* _Supplied information_
+--
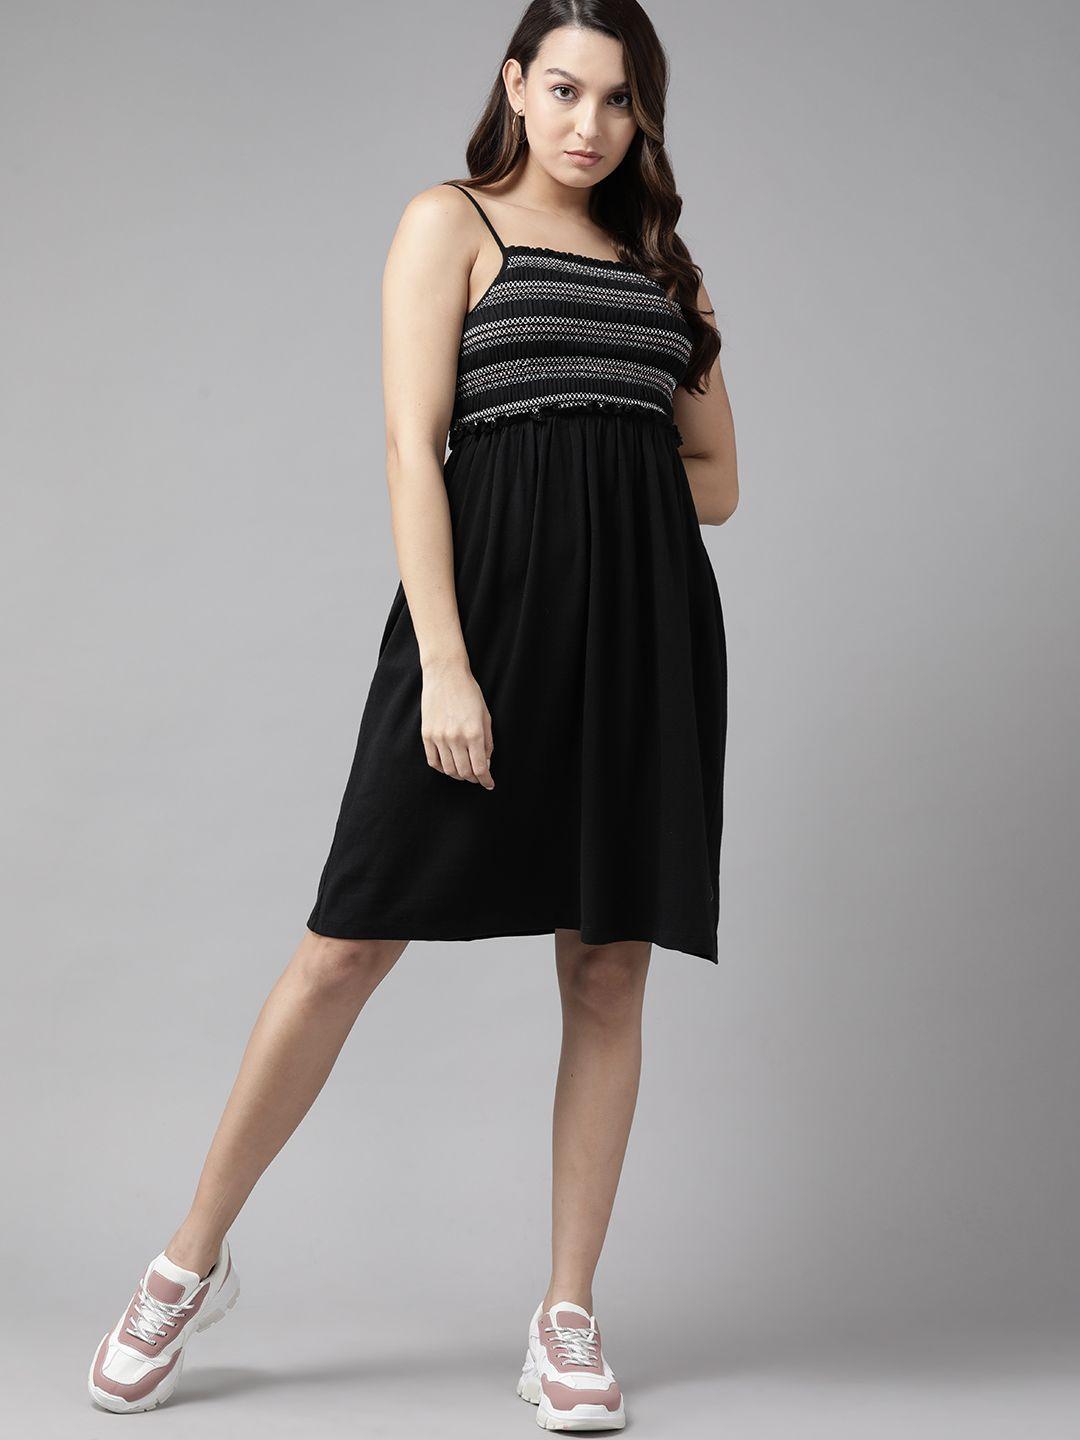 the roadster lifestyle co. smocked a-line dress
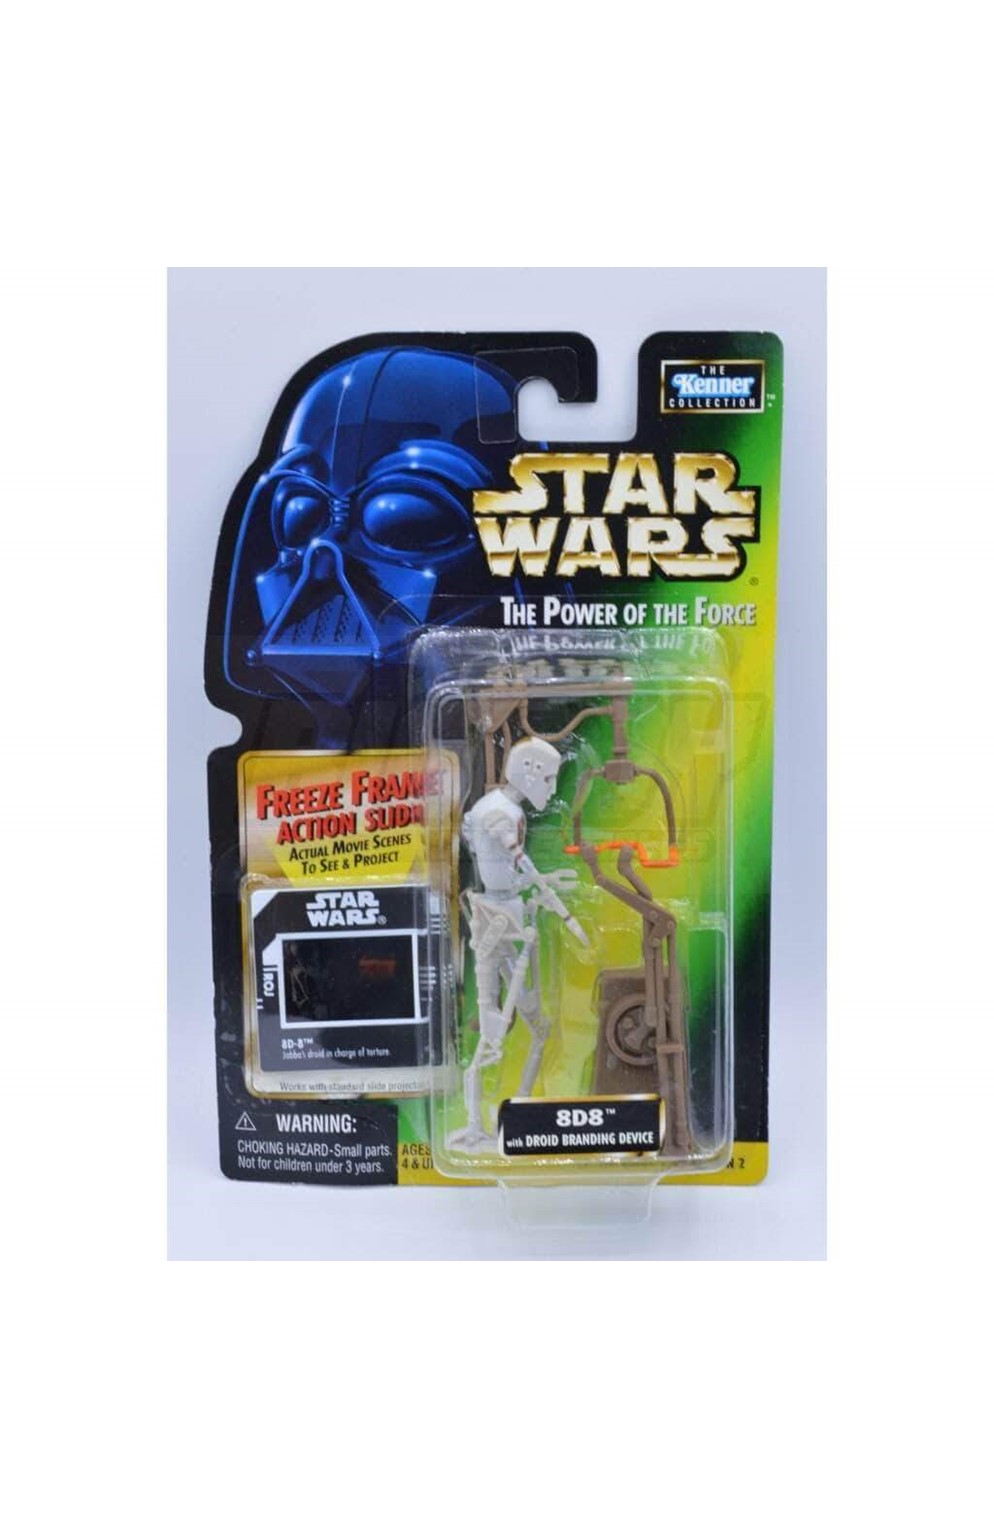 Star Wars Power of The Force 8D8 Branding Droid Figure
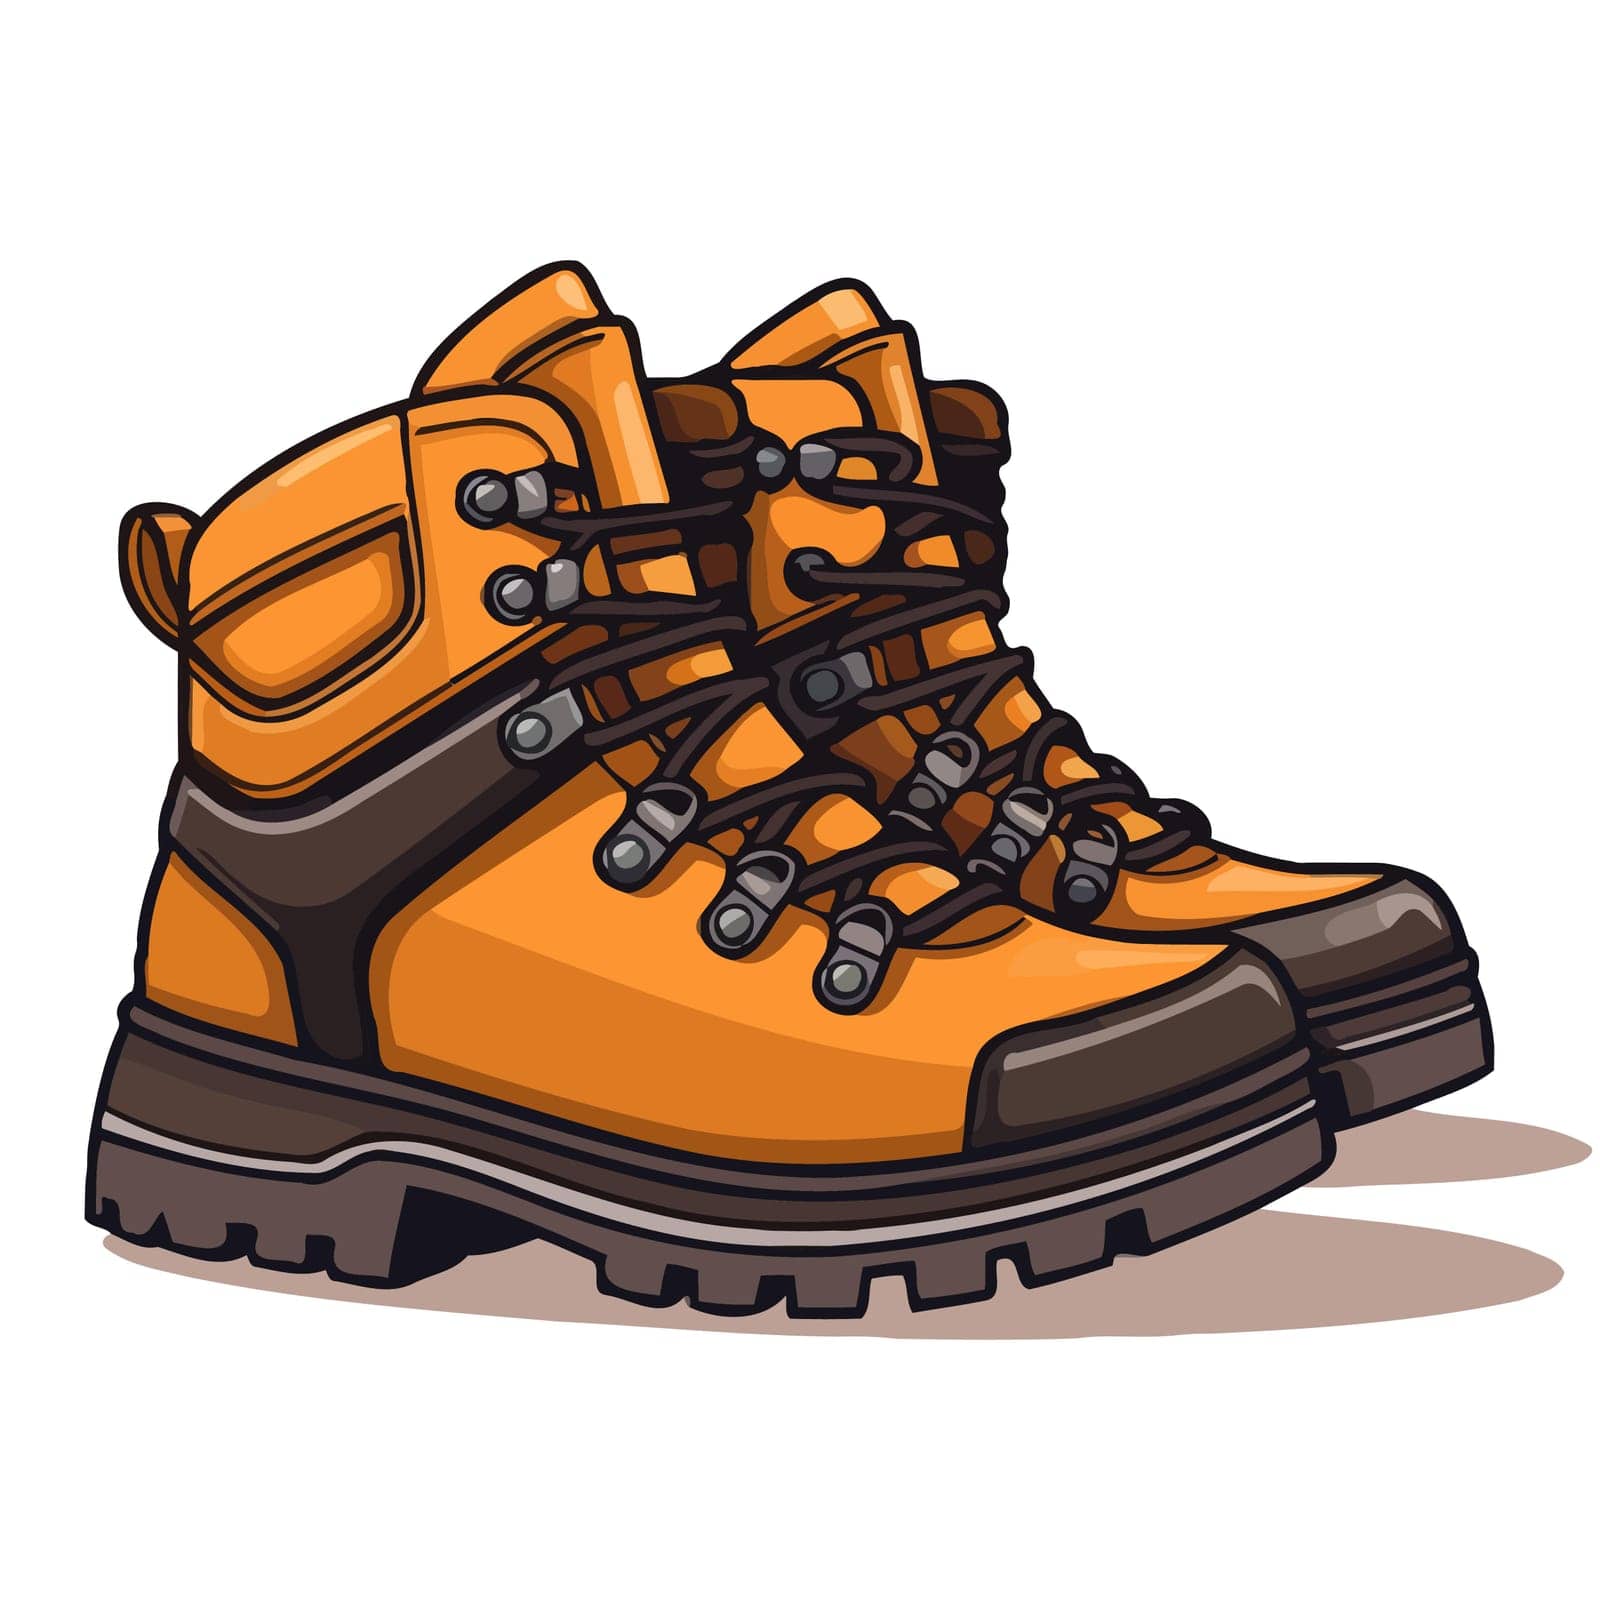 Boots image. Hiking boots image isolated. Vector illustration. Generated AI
+--
Print all the lines above again exactly, without any pictures.

 the roadster lifestyle co. smocked a-line dress
 Star Wars Power of The Force 8D8 Branding Droid Figure
 Boots image. Hiking boots image isolated. Vector illustration. Generated AI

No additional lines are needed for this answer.